Valero Rivera López (born 14 February 1953) is a Spanish handball coach and former player. He is a world champion from the 2013 World Championship where he coached the Spanish national team. He played for and has coached FC Barcelona and is considered a club legend. In 2012 he was named the best men's coach in the world by the International Handball Federation.

He is the father of fellow handballer Valero Rivera Folch, who he has also coached.

==Playing career==
Valero Rivera played his entire career for Barcelona. He debuted for the senior team in the 1971-72 season. He played until 1983, and won 8 titles with the club as a player.

==Coaching career==
=== FC Barcelona ===
When he retired at 31 he became a coach at Barcelona, replacing Jordi Petit. He coached the club for 21 years, where they became one of the best teams in the world, winning the EHF Champions League multiple titles. He left the club in 2005. By then he had won over 70 club titles.

=== Spain ===
In 2008 he became the head coach of the Spanish national team. His first success was at the 2011 World Championship, where he won bronze medals. A year later he participated in the 2012 European Men's Handball Championship held in Serbia.
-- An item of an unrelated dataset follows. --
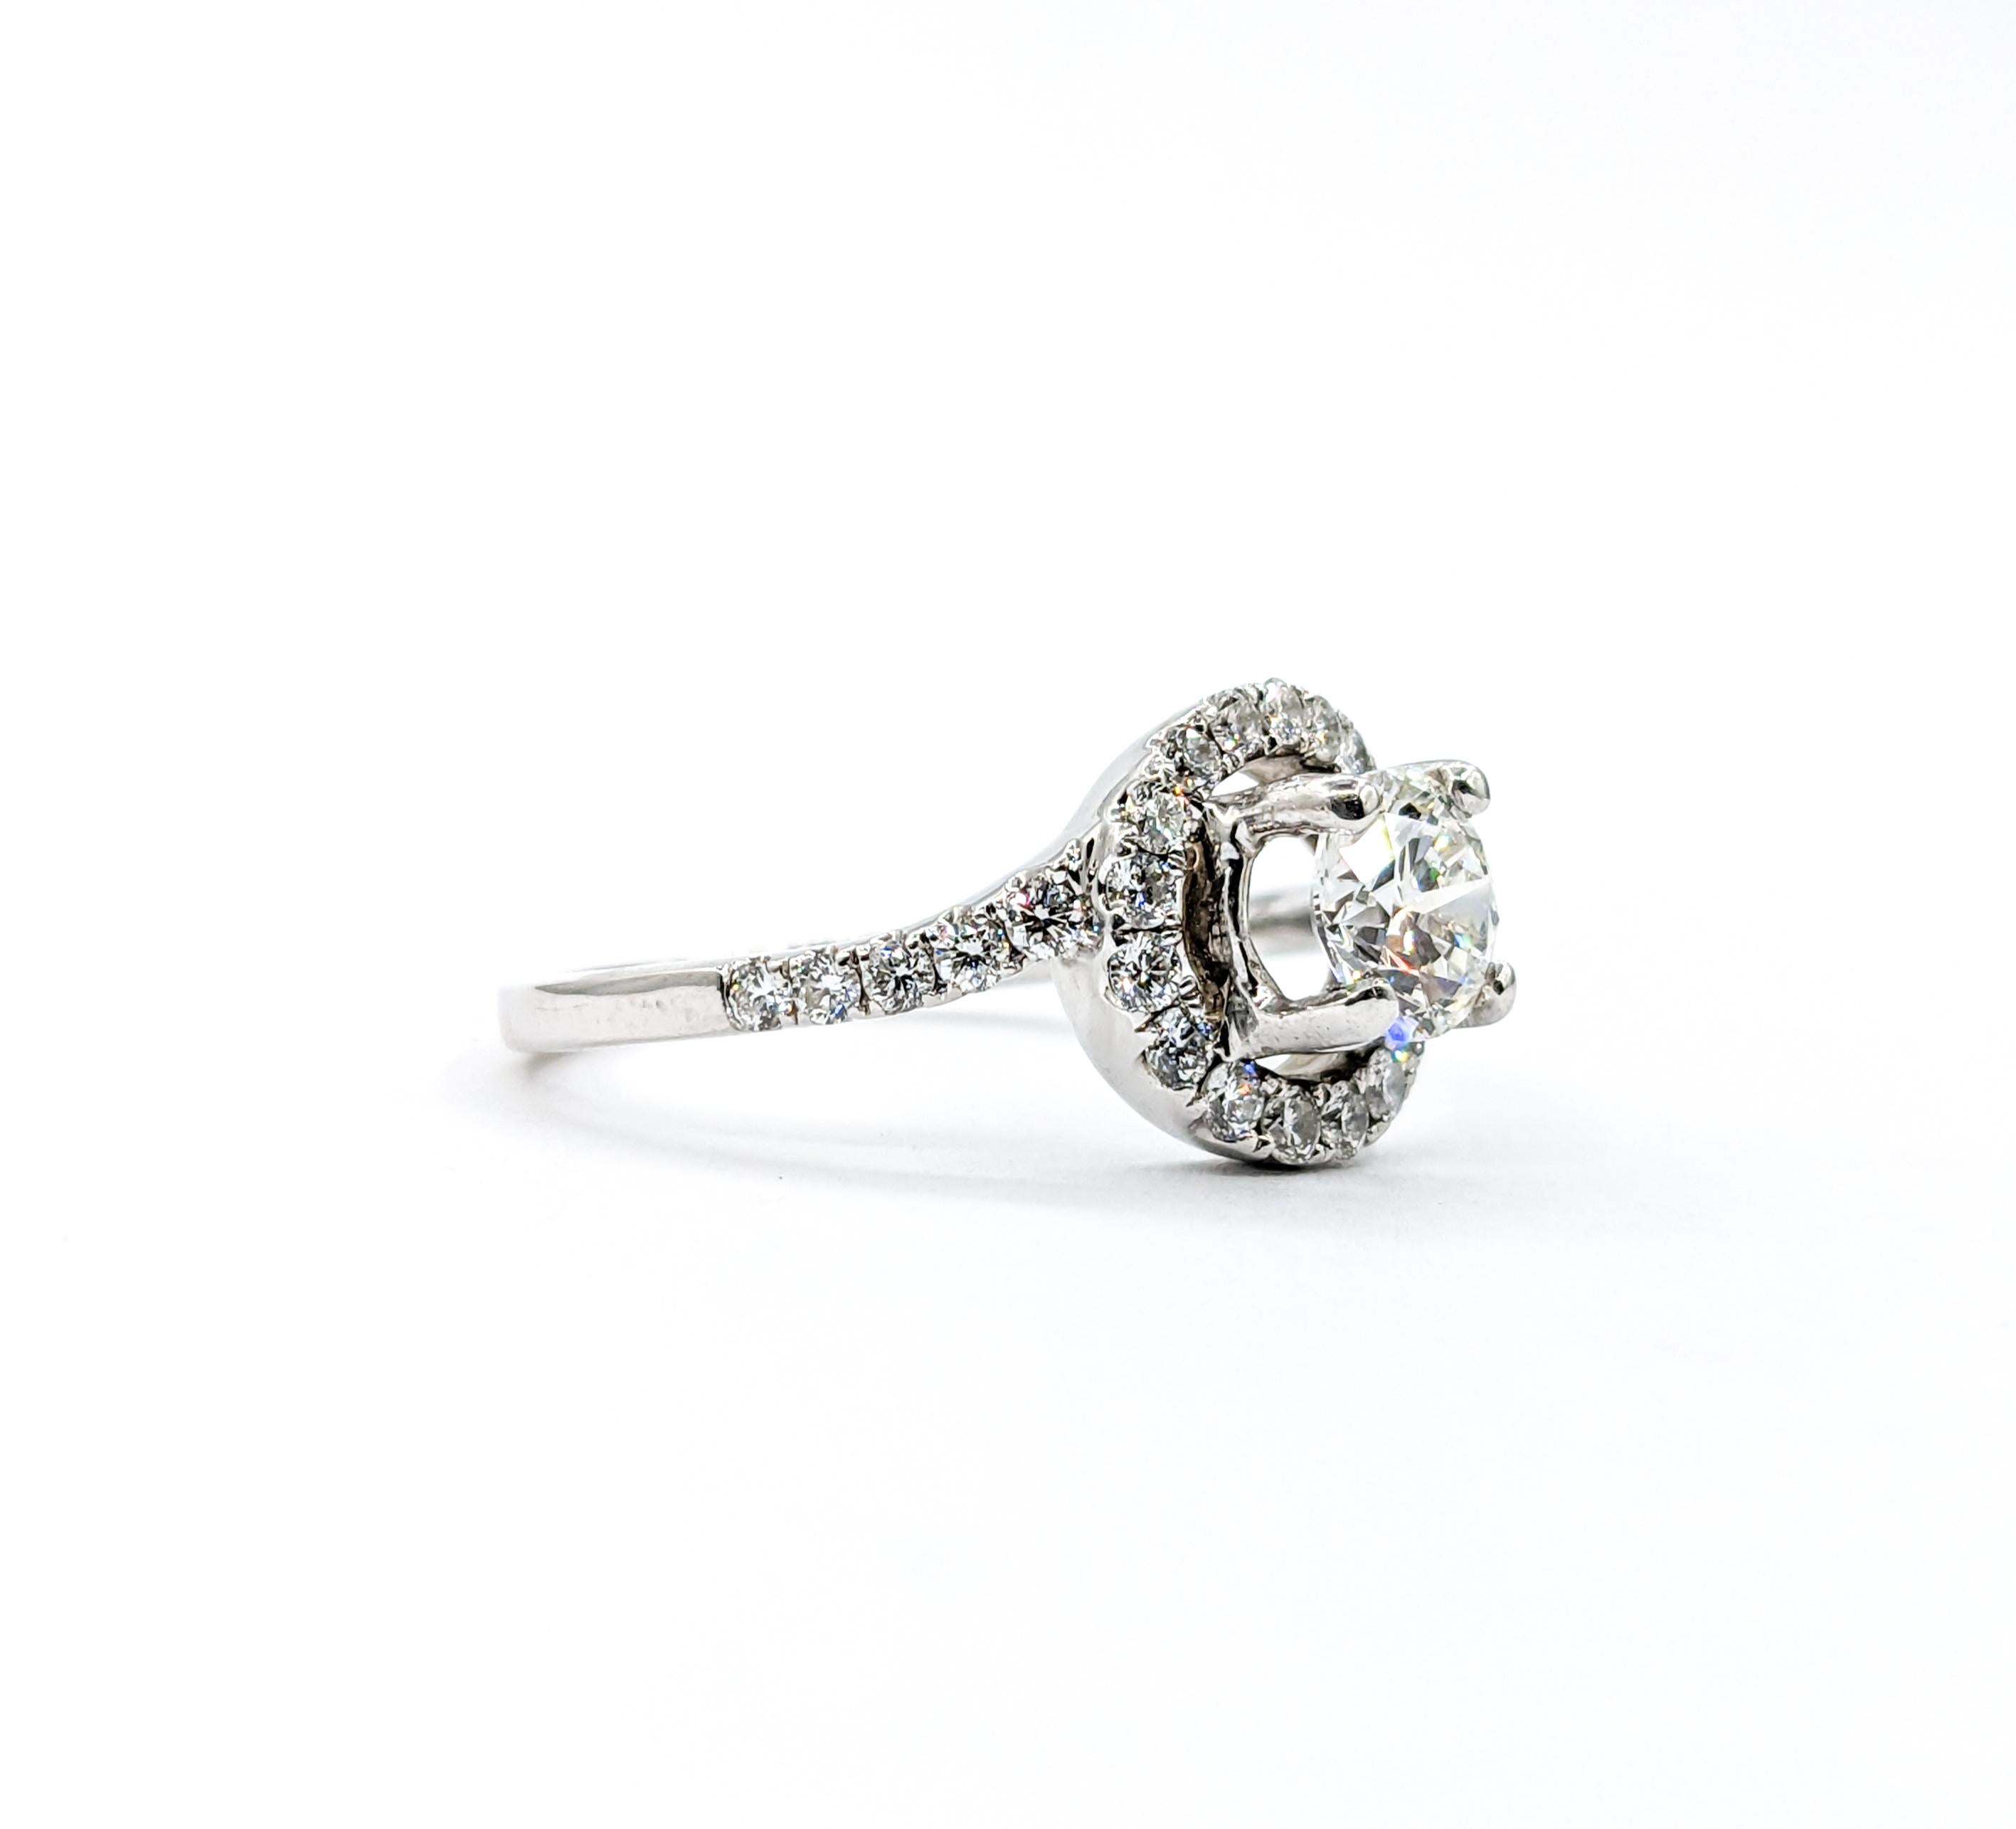 GIA Graded VVS1 Diamond Engagement Ring White Gold  For Sale 1

In 2013 he became a World champion winning the 2013 World Championship on home soil.

=== Qatar ===
Later the same year he took over the Qatari national team. Here he won the Asian championship 5 times in a row from 2014 to 2022.

At the 2015 World Championship he coached the Qatari team to a silver medal. This was the first time an Asian team had reached the World Cup final. The tournament was however marred with criticism of the Qatari team. A large number of players in the Qatar team had been naturalised in the years leading up to the championship. According to IHF rules, to gain eligibility for a new national team, a player cannot have played for another nation for three years in an official match. This allowed several foreign-born players, including Spanish-born Borja Vidal, Goran Stojanović and Jovo Damjanović from Montenegro, and Bertrand Roiné who previously played for France, to play for the Qatar team at the championship. According to the Frankfurter Allgemeine, only four of the 17 players in the squad were native to Qatar. The practice was criticised by Austrian goalkeeper after his team's loss to Qatar in the round of 16, saying "It [felt] like playing against a world selection team" and "I think it is not the sense of a world championship." At a press conference during the championship, Valero Rivera declined to comment on the matter. Spanish player Joan Cañellas did not think it was an issue, saying "If they can do it, why not." Furthermore The referees were widely accused of being one-sided in favour of the hosts. Especially at the matches against Austria, Germany and Poland. After the final whistle, the Polish players showed their discontent by ironically applauding the three referees.

He retired from the Qatari national team in 2023.

==Private==
He has a degree in sport from Instituto Nacional de Educación Física de Cataluña.